Seniors' favorite board game: Sorry....I forgot
Post# of 123736
We'll be friends until we're old and senile.....
Then we'll be new friends.
Why did the senior cross the road ?
He forgot where he parked his car.
I don't travel anymore. I'm where I want to be.
I'm not feeling well
I don't know if it's Covid, Sars, Bird Flu, Swine Flu, Mers, Ebola, Asian Flu, Spanish Flu, Russian Flu,
or the 4 pounds of bacon I ate
This was an odd year.
Next year will get even though.
I don't support Biden, but I would never denigrate his supporters.
If you're a Biden supporter, "denigrate" means "to put down."
Looking for a wife
A guy advertised online for a wife.
He got 200 replies in the first hour.
Most of them said “You can have mine.”
A little old man was escorted into the witness box. After he was sworn in, the lawyer asked him to explain what happened.
After a lengthy discussion of the events leading up to the incident, he finally got around to the meat of the case: "...and then she hit me with a maple leaf."
"Surely that couldn't have caused you any serious injury?" said the lawyer.
"Are you kidding?" exclaimed the old man. "It was the leaf from the center of our dining room table."
A man in an interrogation room says,
“I’m not saying a word without my lawyer present.”
Cop: You are the lawyer.
Lawyer: Exactly, so where’s my present?
A doctor told Donald Trump he has Acute Narcissistic Personality Disorder.

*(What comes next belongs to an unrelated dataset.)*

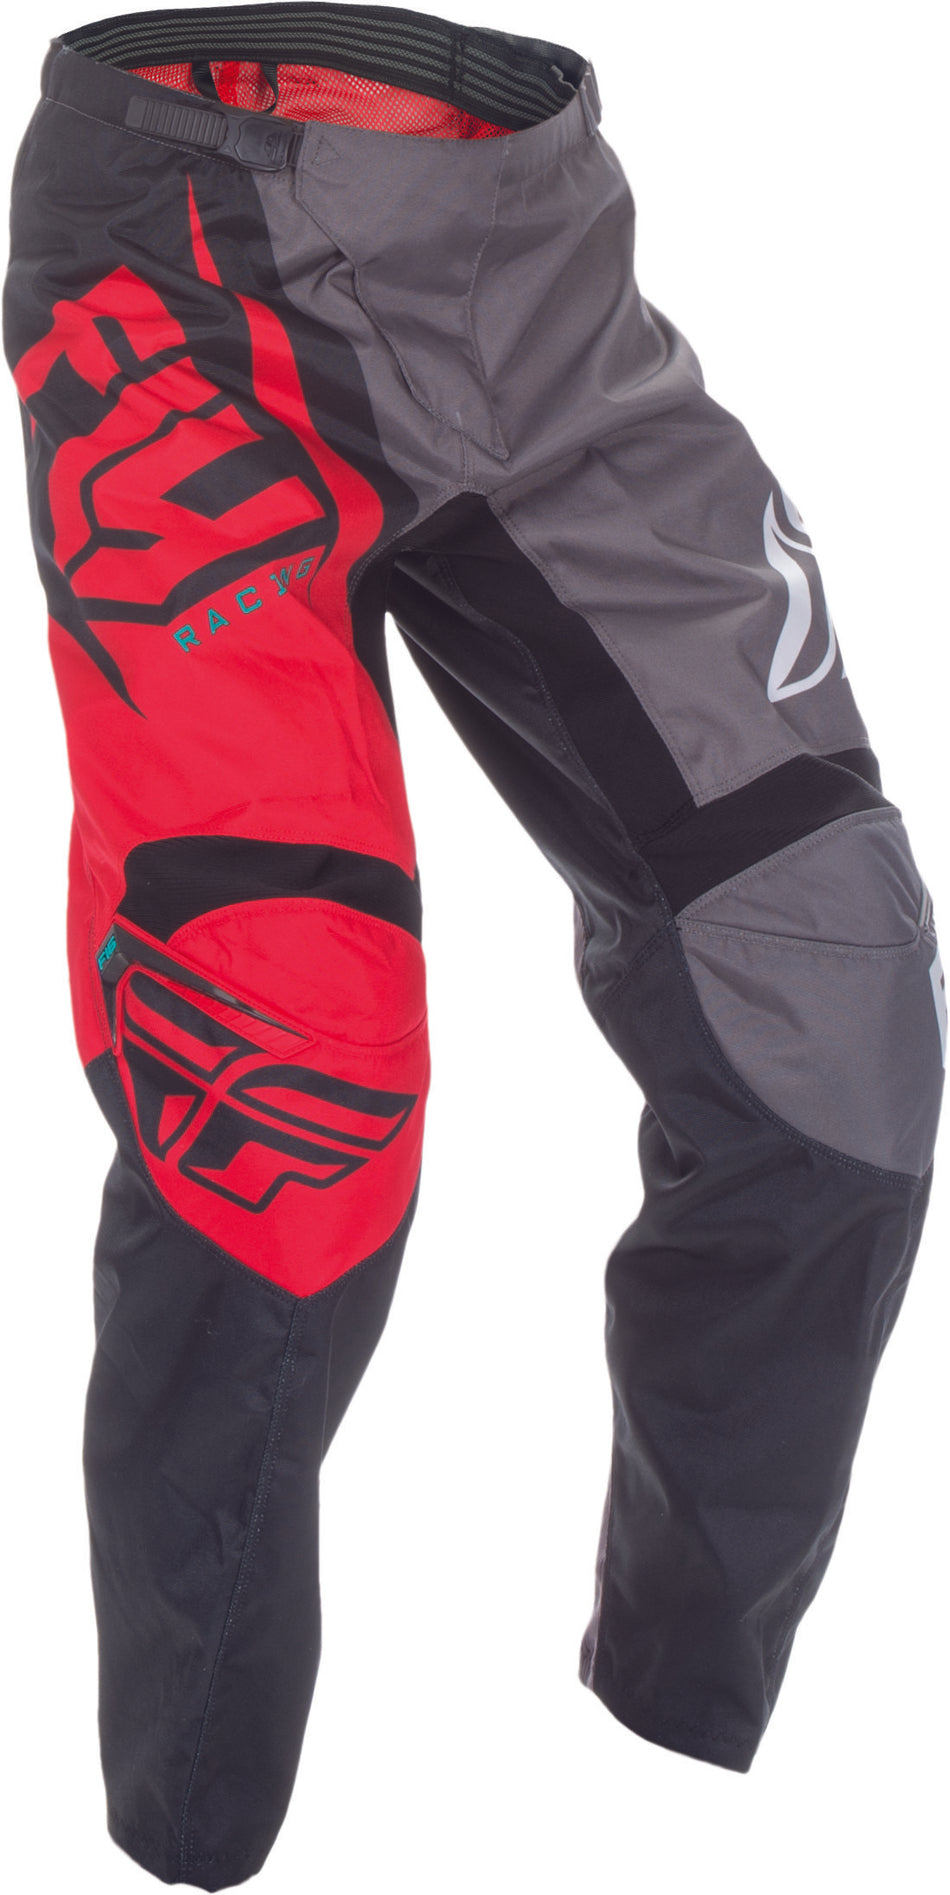 FLY RACING F-16 Pant Red/Black/Grey Sz 28 370-93228

Trump said "It's not just cute, it's **the cutest** narcissistic personality disorder in the world. Believe me."
This guy asked me what I did for a living.
I said, "breathe in, breathe out."
I thought about cleaning the house, but then I
thought...........................what has the house done for me lately ?

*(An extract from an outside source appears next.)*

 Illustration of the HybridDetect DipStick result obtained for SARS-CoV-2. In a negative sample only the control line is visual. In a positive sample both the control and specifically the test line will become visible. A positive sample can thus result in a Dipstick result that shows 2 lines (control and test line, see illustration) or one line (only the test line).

The only instant messaging I do is with my middle finger.
Joe Biden is doing the work of three men.
Larry, Curley and Moe.
Faced with hard times, the company offered a bonus of one thousand dollars to any employee who could come up with a way of saving money.
The bonus went to a young woman in accounting who suggested limiting future bonuses to ten dollars.
Shout out to my golfing buddies.................
.......................cuz that's the only way they can hear me.
I'm rich.....................................
Silver in my hair, gold in my teeth, crystals in my kidney, and sugar in my blood.
My wife got me to stop chewing my nails.
She hid my teeth.
It took all this time to get my head together.
Now my body is falling apart.
How are Kobe Bryant and Melania Trump similar?
They both got rich by playing with orange balls.
What do you call a bunch of chess players bragging about their games in a hotel lobby?
Chess nuts boasting in an open foyer.
What's fat, orange and that everyone avoids?
A Traffic Cone!
What did you expect me to say....
I was getting my hair cut at a neighborhood shop, and I asked the barber when would be the best time to bring in my two-year-old son.
Without hesitation, the barber answered, "When he's four."
A Sunday school teacher said to the children, "We have been learning how powerful kings and queens were in Bible times.
But, there is a Higher Power. Can anybody tell me what it is?"
One child blurted out, "Aces!"
I play on a senior hockey team.
The other night I scored three goals ( a geri-hat-trick ).
As a former pastry chef, I know that old age can
really crepe up on you.
Doctor (to me): "Age got muffin on you."
I have a structured retirement..................
( a rigid nap schedule).
At my age, I turn down the lights to be
economical....................not to be romantic.